A negative for sandblast evaluation of line width / space width = 300/300 (unit: μm) was placed on the PET film of the obtained sample, and 150 mJ / cm ² with an EXM-1201 type exposure machine manufactured by Oak Manufacturing Co., Ltd. The photosensitive resin composition layer was exposed through a PET film at an exposure amount of 1, and then left at room temperature for 30 minutes.
Next, the PET film was peeled off, and the sample after the exposure treatment in which the photosensitive resin composition layer was exposed was used at a liquid temperature of 30 ° C. and a spray pressure of 0.16 MPa using a 1.0 mass% sodium carbonate aqueous solution. Development was carried out by spraying for 40 seconds to remove the resin in the unexposed area.

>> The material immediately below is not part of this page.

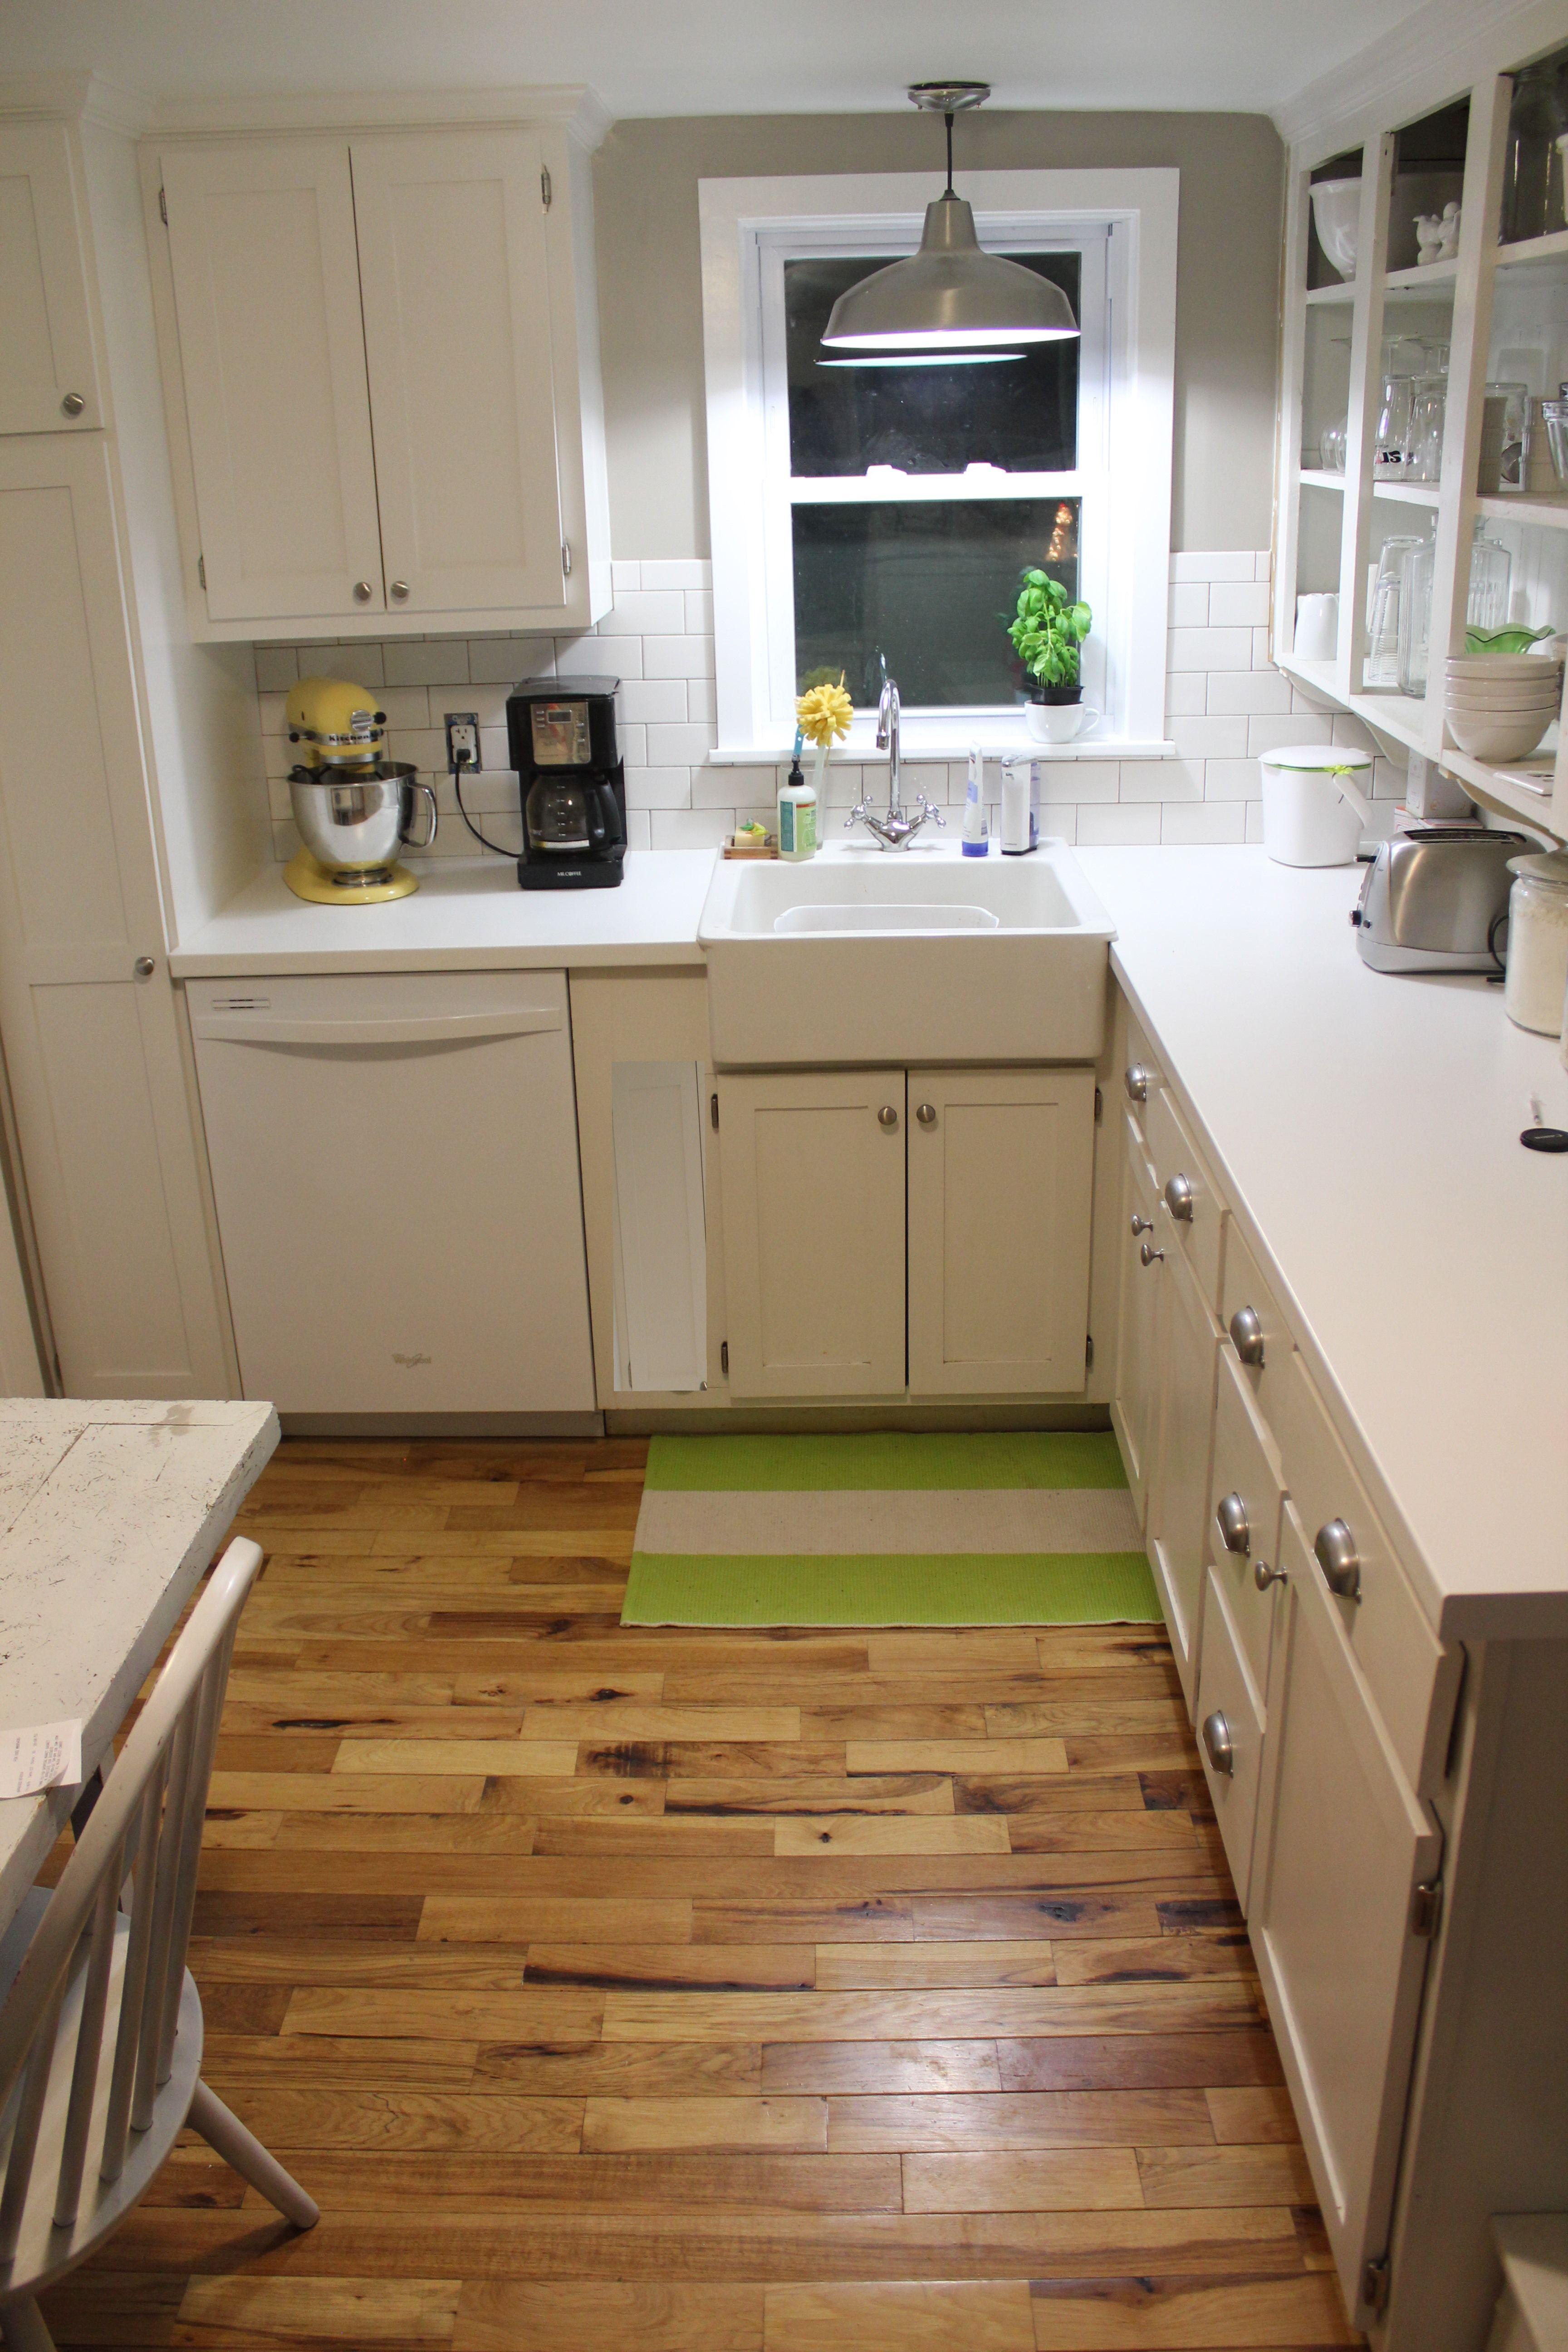 108 Square Foot Kitchen Completely Redone Ikea Pragel

Thereafter, using SiC (silicon carbide) # 800 as an abrasive, sandblasting was performed 5 times at a blast pressure of 0.15 MPa, a nozzle moving width: 300 mm, a nozzle moving speed: 8 m / min, and a conveyor speed: 15 mm / min. . The surface of the sample after the treatment was observed, the line width after the treatment was measured and compared with the line width before the treatment, and sandblast resistance was evaluated. The evaluation criteria are as follows.
A: No chipping or peeling is observed in the resist pattern after sandblasting. Alternatively, the line width change after sandblasting is less than 10% of the negative value. B: The resist pattern is chipped or peeled off after sandblasting. Alternatively, the line width change after sandblasting is 10% or more with respect to the negative value.

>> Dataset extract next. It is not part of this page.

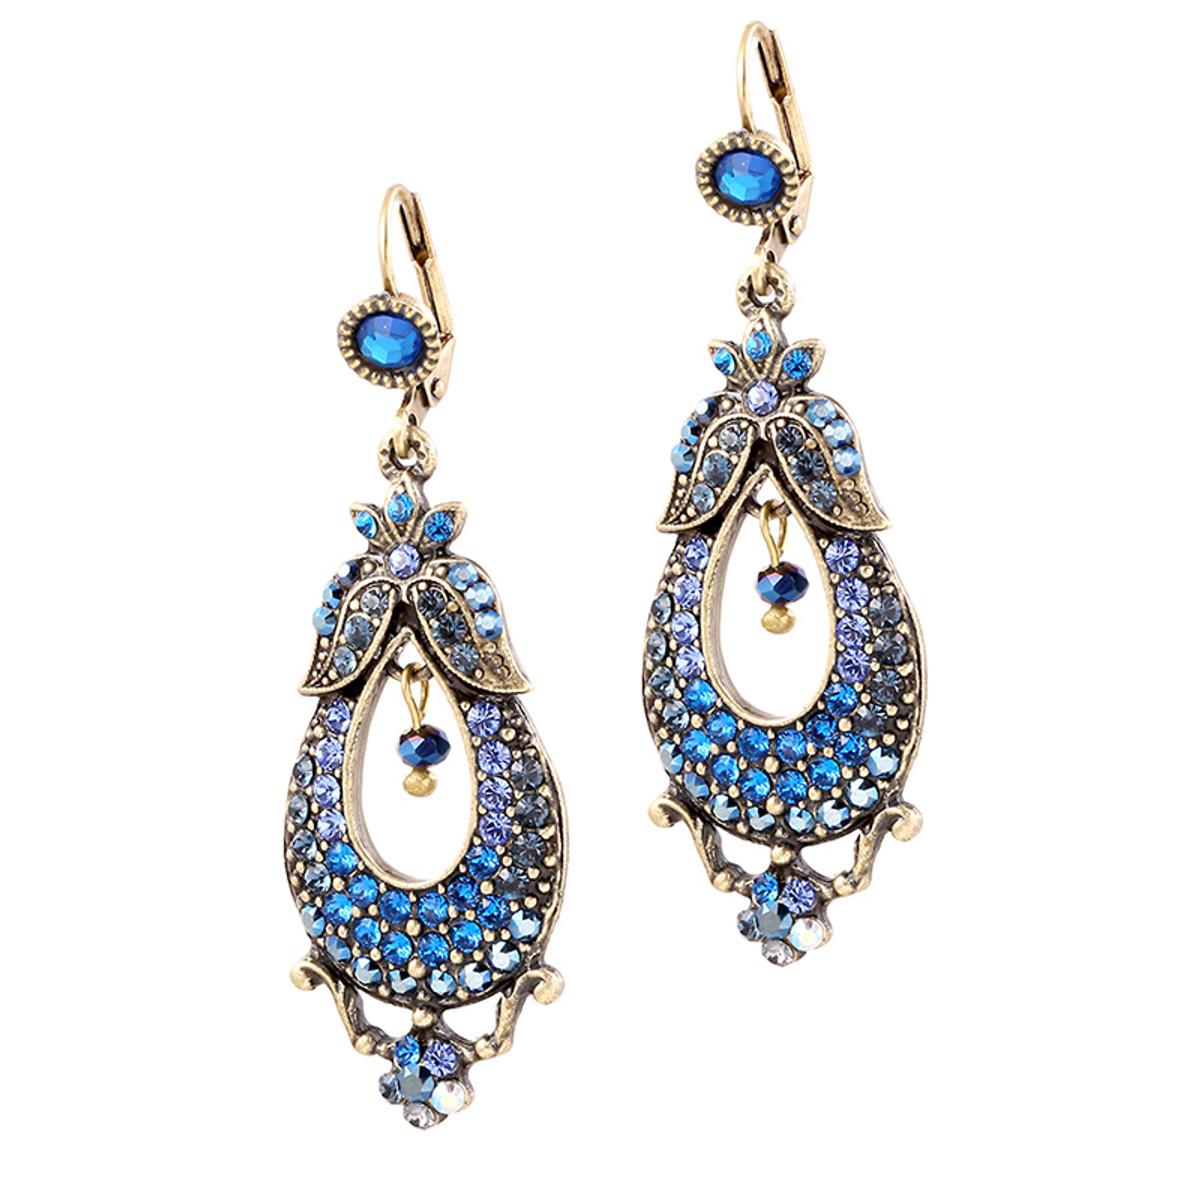 Michal Negrin Pear Earrings - Multi Color

As shown in Table 1, it was found that the photosensitive films made of the photosensitive resin compositions of Examples 1 to 4 were excellent in sandblast resistance when the cured product had an elastic modulus of 200 MPa or less.
Further, FIG. 2 shows a cross section obtained by cutting the evaluation sample after sandblasting obtained using the photosensitive film of the example of the present invention along the thickness direction of the substrate in the evaluation sample at 150 times. It is an electron micrograph when observed with. Observation of the electron micrograph was performed at an acceleration voltage of 15 kV. In the embodiment of the present invention, since the resistance to sandblasting is high, as shown in FIG. 2, the rib paste layer 24 disposed on the substrate 20 and masked with the cured product 22 of the photosensitive film has no chipping and peeling. It can be seen that the pattern is formed accurately with little change in line width.

  In particular, a polymerizable compound containing 2,2-bis (4-((meth) acryloxypolyethoxy) phenyl) propane having an ethyleneoxy group having 20 to 50 structural units and a weight average molecular weight of 10,000 or more It was found that a photosensitive film including a combination with the urethane acrylate and having a photocured product having an elastic modulus of 200 MPa or less is excellent in sandblast resistance.

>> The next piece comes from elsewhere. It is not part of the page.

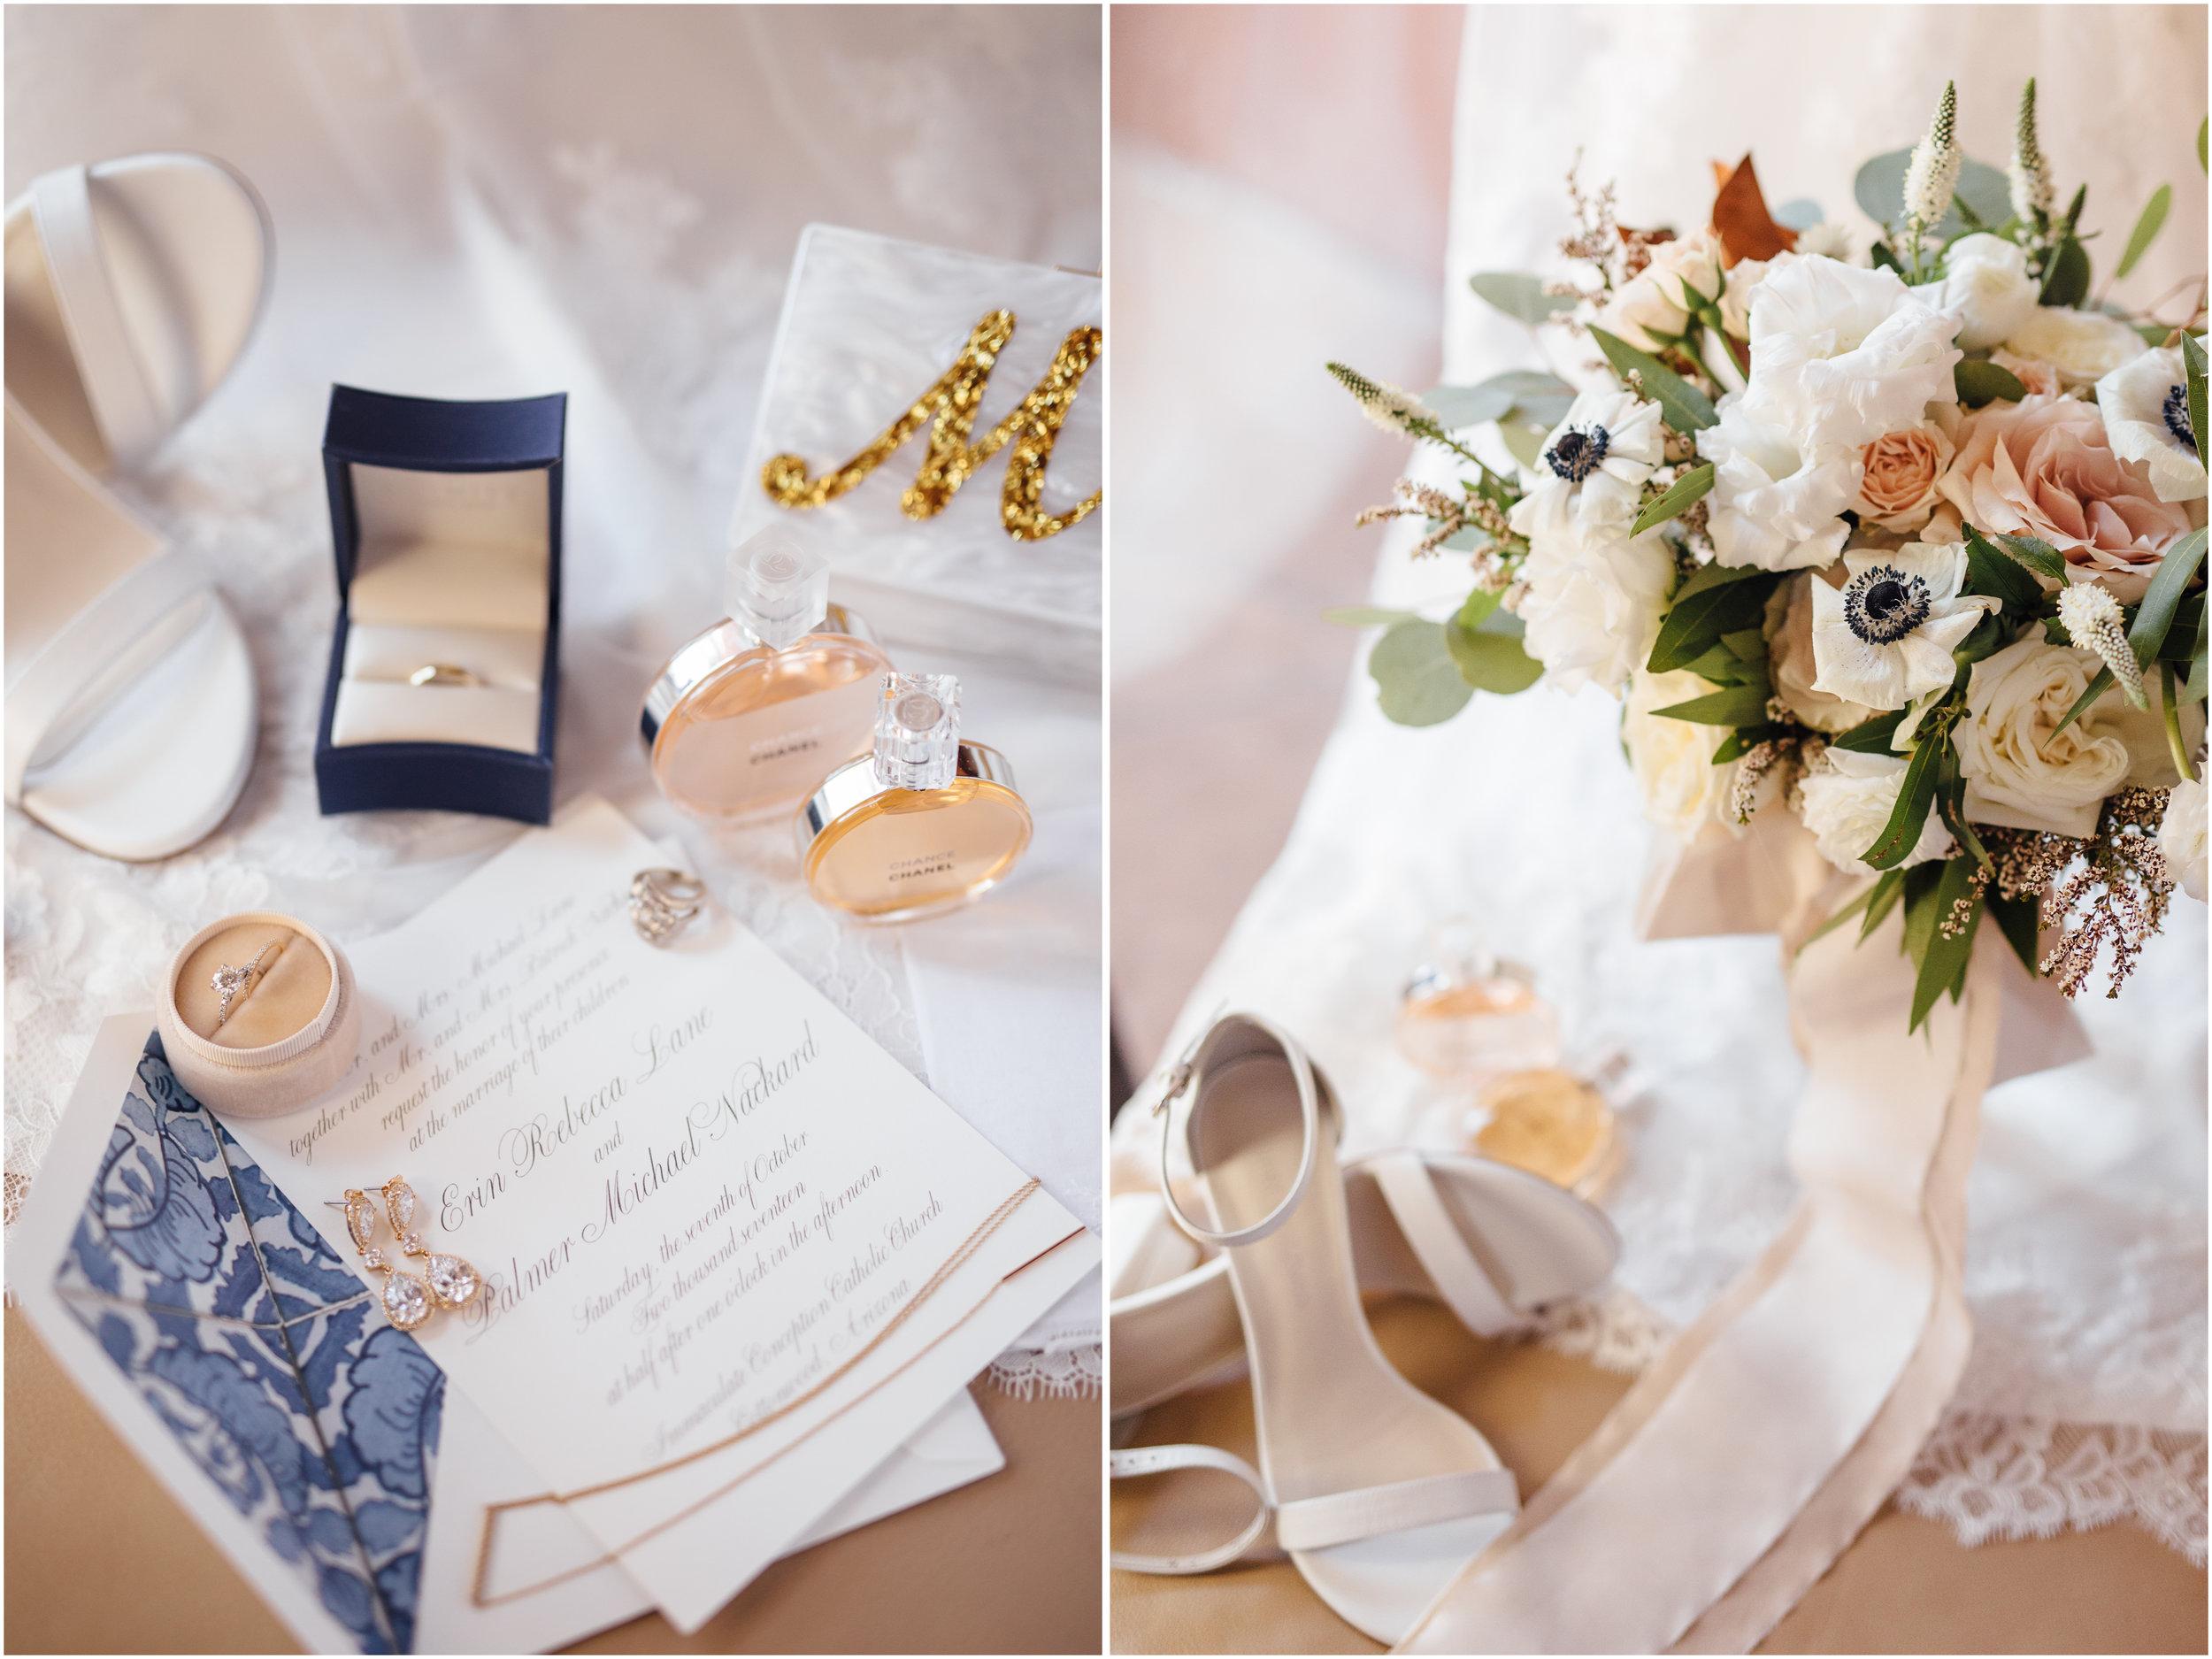 The-knot-wedding-details.jpg

  In contrast, it was found that the photosensitive films of Comparative Examples 1 to 5 in which the elastic modulus of the cured product exceeded 200 MPa had low sandblast resistance.

  Therefore, according to the present invention, it is possible to provide a photosensitive film excellent in sandblast resistance after curing, and a photosensitive resin composition for obtaining such a photosensitive film.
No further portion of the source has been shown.